From the diagram, we noted that coordinates of point Q are (4, 4).

The coordinates of these two points do not same.

Therefore, Q is not the midpoint of P & R.

iii. Coordinates of point on X – axis equidistant from P and Q:

Let’s consider a point S (x, y).

Since it is given that it lies on x – axis and we know that on x – axis, ordinate values are always 0,

hence coordinate of this point S will be (x, 0).

Next, if we calculate value of x, we will find the coordinates of the point S.

Since we are given that P and Q are equidistant from S, hence, we will calculate distance of each point from S and compare.

We will calculate PS and QS and compare.

We know that the distance between two points A (X₁, Y₁) and B (X₂, Y₂) is given by:

AB = √ [(X₂ – X₁)² + (Y₂ – Y₁)² ]

For PS, we have coordinates of P & S as P (2, 5) and S (x,0):

∴ Distance PS = √ [(x – 2)² + (0 – 5)² ] 

∴ PS = √ (x² – 4 x + 4 + 25) = √ (x² – 4 x + 29)   ……….. (i)

Next for QS, we have coordinates of Q & S as Q (4, 4) and S (x,0):

∴ Distance QS = √ [(x – 4)² + (0 – 4)² ] 

∴ QS = √ (x² – 8 x +16 + 16) = √ (x² – 8 x + 32)   ……….. (ii)

Since S is equidistant from P and Q both,

∴ PS = QS

∴ √ (x² – 4 x + 29)   = √ (x² – 8 x + 32)   

∴  (x² – 4 x + 29)   = (x² – 8 x + 32)   

∴  (- 4 x + 29)   = (- 8 x + 32)   

∴  8 x – 4 x  = 32 – 29

∴  4 x  = 3

∴  x = 3 / 4

∴  Coordinates of this point S will be (3 / 4, 0).

Therefore, point (3 / 4, 0) is the point on x-axis which is equidistant from P and Q.

iv. Coordinates of point S, divides the line PQ in ratio 2:3:

We know that according to Section formula, if a point A (x, y) divides the line segment joining the points A(x₁, y₁) and B(x₂, y₂) in the ratio m : n, then the coordinates of A are given by:  [ (m x₂ + n x₁) / (m + n), (m y₂ + n y₁) / (m + n) ]

Here we have, points P (2, 5) and point Q (4, 4) are the given points,

Let’s consider coordinates of point S as (x, y) which divides PQ in the ratio 2:3.

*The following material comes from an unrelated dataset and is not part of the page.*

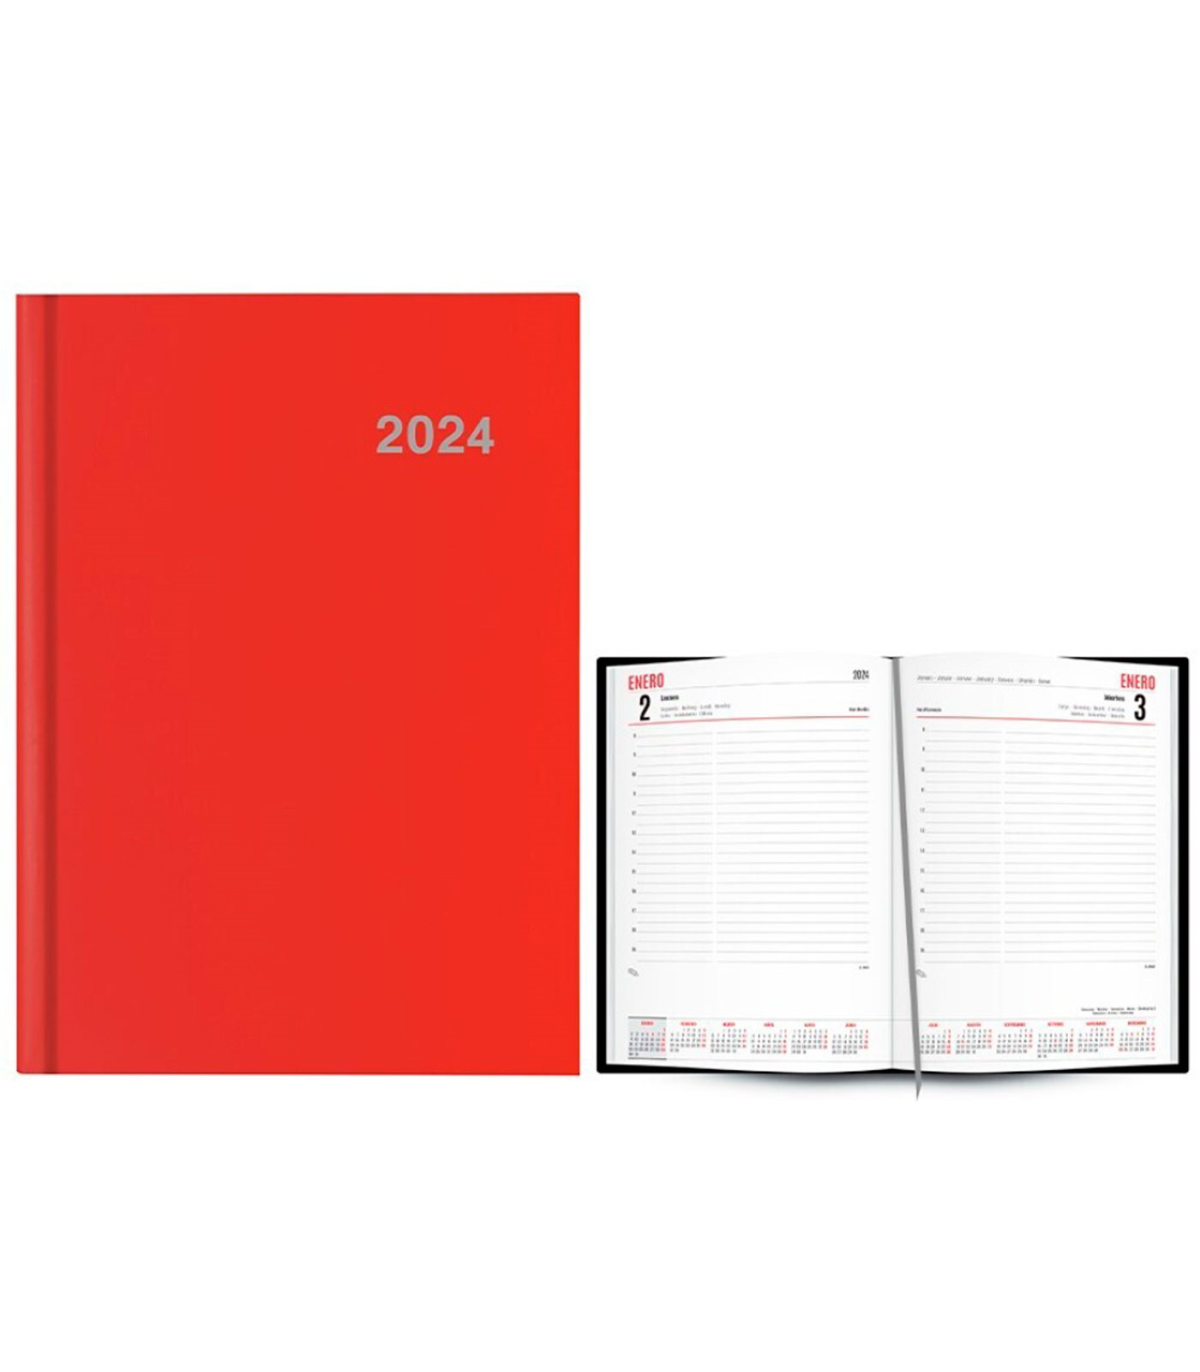 Tradineur - Agenda 2024, modelo París, tapa dura y cinta marcapáginas,  vista día página, enero a diciembre, planificador anual d

∴ x₁ = 2, y₁ = 5, x₂ = 4, y₂ = 4, m = 2, and n = 3

Let’s substitute these values into the section formula, we get coordinates of point S as:

x = (m x₂ + n x₁) / (m + n) = ( 2 x 4 + 3 x 2) / (2 + 3) = (8 + 6) / 5 = 14 / 5

y = (m y₂ + n y₁) / (m + n) = ( 2 x 4 + 3 x 5) / (2 + 3) = (8 + 15) / 5 = 23 / 5

Therefore the coordinates of point S are (14 / 5 , 23 / 5).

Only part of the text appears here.